BOSTON – At a time when many older people in Massachusetts are struggling to pay their grocery bills, the Fiscal Cliff automatic cuts — -if implemented January 2nd — would result in a loss of more than a quarter of a million meals for the elderly.
The senior rights group Mass Home Care says that if Congress and the President fail to prevent sequestration, one of the consequences will be a $108 million cut nationally to the federal Older Americans Act (OAA), which pays for meals on wheels, legal aid, family caregivers, and senior center programs.
Mass Home Care represents the 23 Area Agencies on Aging In Massachusetts which receive the federal support. The group says that based on 2012 appropriations, a total of $2.56 million in Older American Act funding will be lost in Massachusetts as a result of an automatic 8.2% cut in funding. The state currently gets $31.28 million for the OAA programs.

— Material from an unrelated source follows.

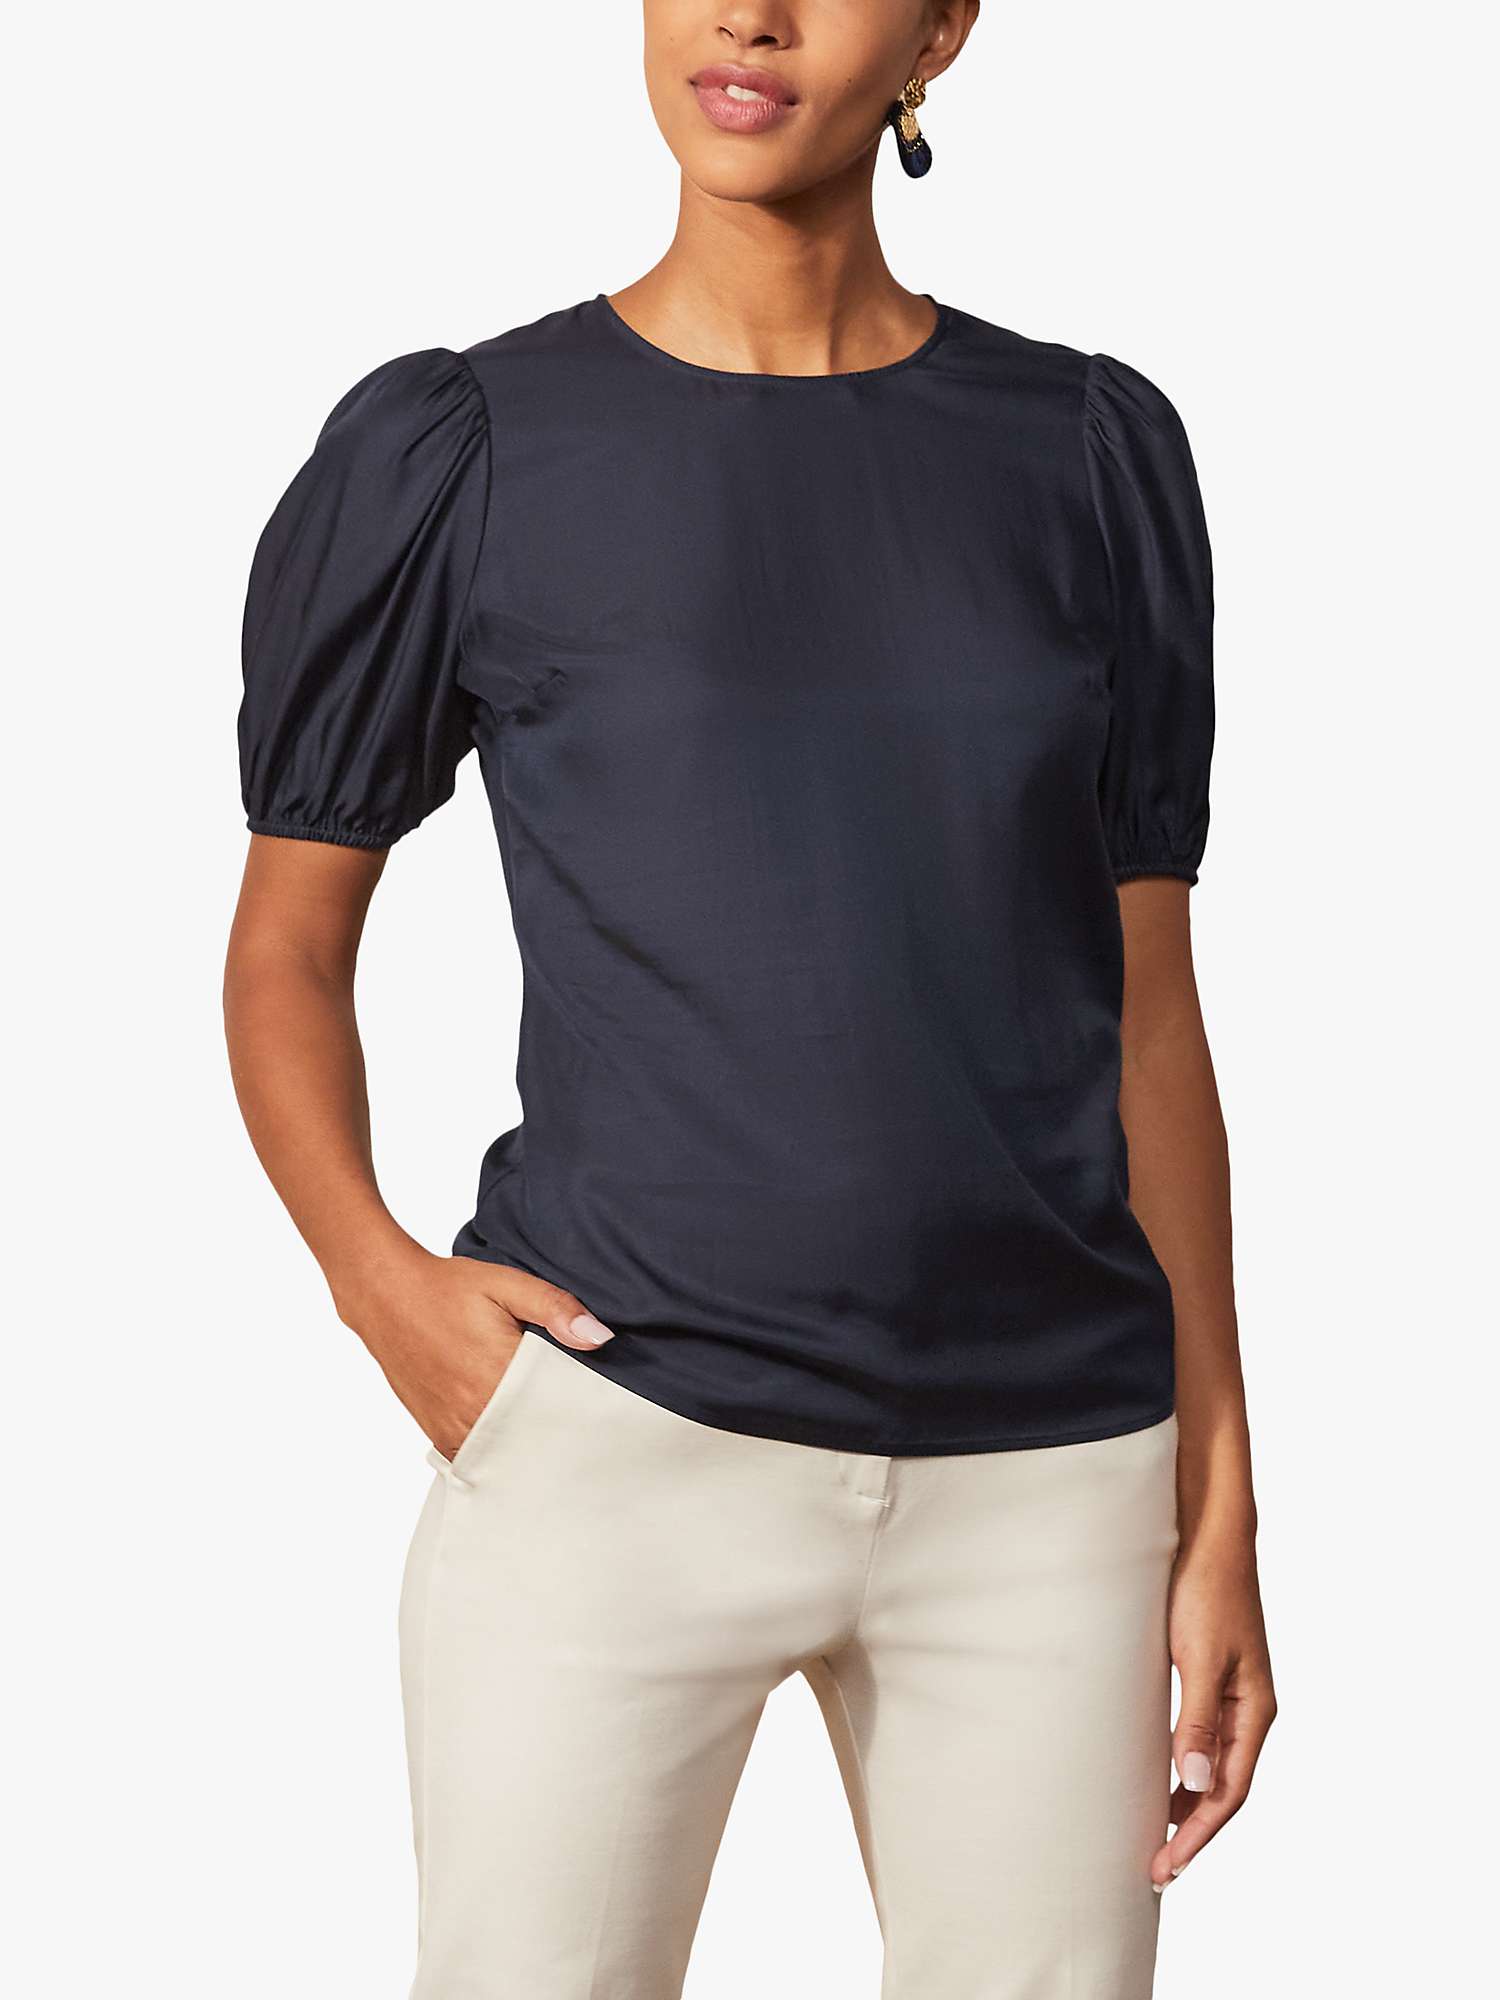 Buy Boden Adriana Puff Sleeve Top Online at johnlewis.com

Al Norman, the Executive Director of Mass Home Care, said sequestration will trigger the following cuts in the Commonwealth:
•$801,982 cut to congregate mealsites across the state
•$377,125 cut to meals on wheels cuts\
•$400,595 cuts to other Nutrition funding
•$673,146 cut to legal aid, senior centers & other supports
•$38,020 cut in prevention services
•$274,627 cut to Family Caregivers
The total nutrition cuts of $1.579 million translates into a loss of 252,752 meals this year alone. “A sequester means seniors currently receiving home-delivered meals five days a week may be reduced to three days a week,” Norman estimated. “Seniors will lose rides to doctor’s appointments, assistance with their medications, access to home health and personal care Services.”
The January 2 sequestration mandated by the Budget Control Act of 2011 (BCA) will cut 8.2 percent from FY 2013 non-defense discretionary (NDD) funds like the Older Americans Act (OAA).
A total of $54.5 billion in NDD cuts will have to be made in FY 2013, Mass Home Care said. .”Any ‘saving’ from the sequester would pale in comparison to the costs resulting in premature nursing home placement for seniors,” Norman explained. “These cuts would also place greater financial strains on family caregivers and drive higher medical costs due to elders’ poorer nutrition and health, increased falls, and other avoidable crises.”
OAA funding allows local agencies to provide a wide range of supportive services to seniors. On the national level, sequestration will result in:
• 1.9 million senior transportation rides to medical appointments, grocery shopping and other primary needs will be lost.
• 290,000 older adults will no longer receive the case management that coordinates care essential to remaining at home.
• 1.2 million older adults will lose access to the homemaker services that help them with basic daily housekeeping needs such as cooking or laundry.
• Another 1.5 million people will lose personal care services such as in-home assistance with bathing, toileting and dressing.
• Three-quarters of a million individuals in adult day care programs would lose access to the health care, socialization and nutrition they rely upon.
• 75,000 seniors will lose access to OAA legal services, just as elder abuse and fraud is on the rise.
In addition, Norman said, the Low-Income Home Energy Assistance Program (LIHEAP) would be reduced by $285 million, forcing 290,000 senior households to go without heating aid. Sequestration could cut off heating to 290,000 senior households.
Sequestration would cut $32 million from the Department of Housing and Urban Development’s Section 202 Housing for the Elderly, which means that 114,000 households would receive reduced unit maintenance and supportive services crucial to remaining in the community.
“When at-risk seniors don’t get the help they need to remain in their homes,’ Norman said, “the next option they face is going to a nursing home. Home care costs about one-third as much as nursing home care on average. Middle class seniors end up spending down their resources and going on Medicaid, which is paid for with federal and state dollars.”
“Congress must do whatever it takes to avoid the sequester,” Norman concluded. “An automatic and thoughtless hit to critical programs will cause real pain to seniors and families in the Baystate, and across America.”
Norman dismissed the latest House Republican plans to delay the Medicare eligibility age and lower the Social Security COLA as just “punishing seniors for growing old.” He predicted that if Republicans keep pushing these cuts to seniors, they will not have their support at the ballot box.”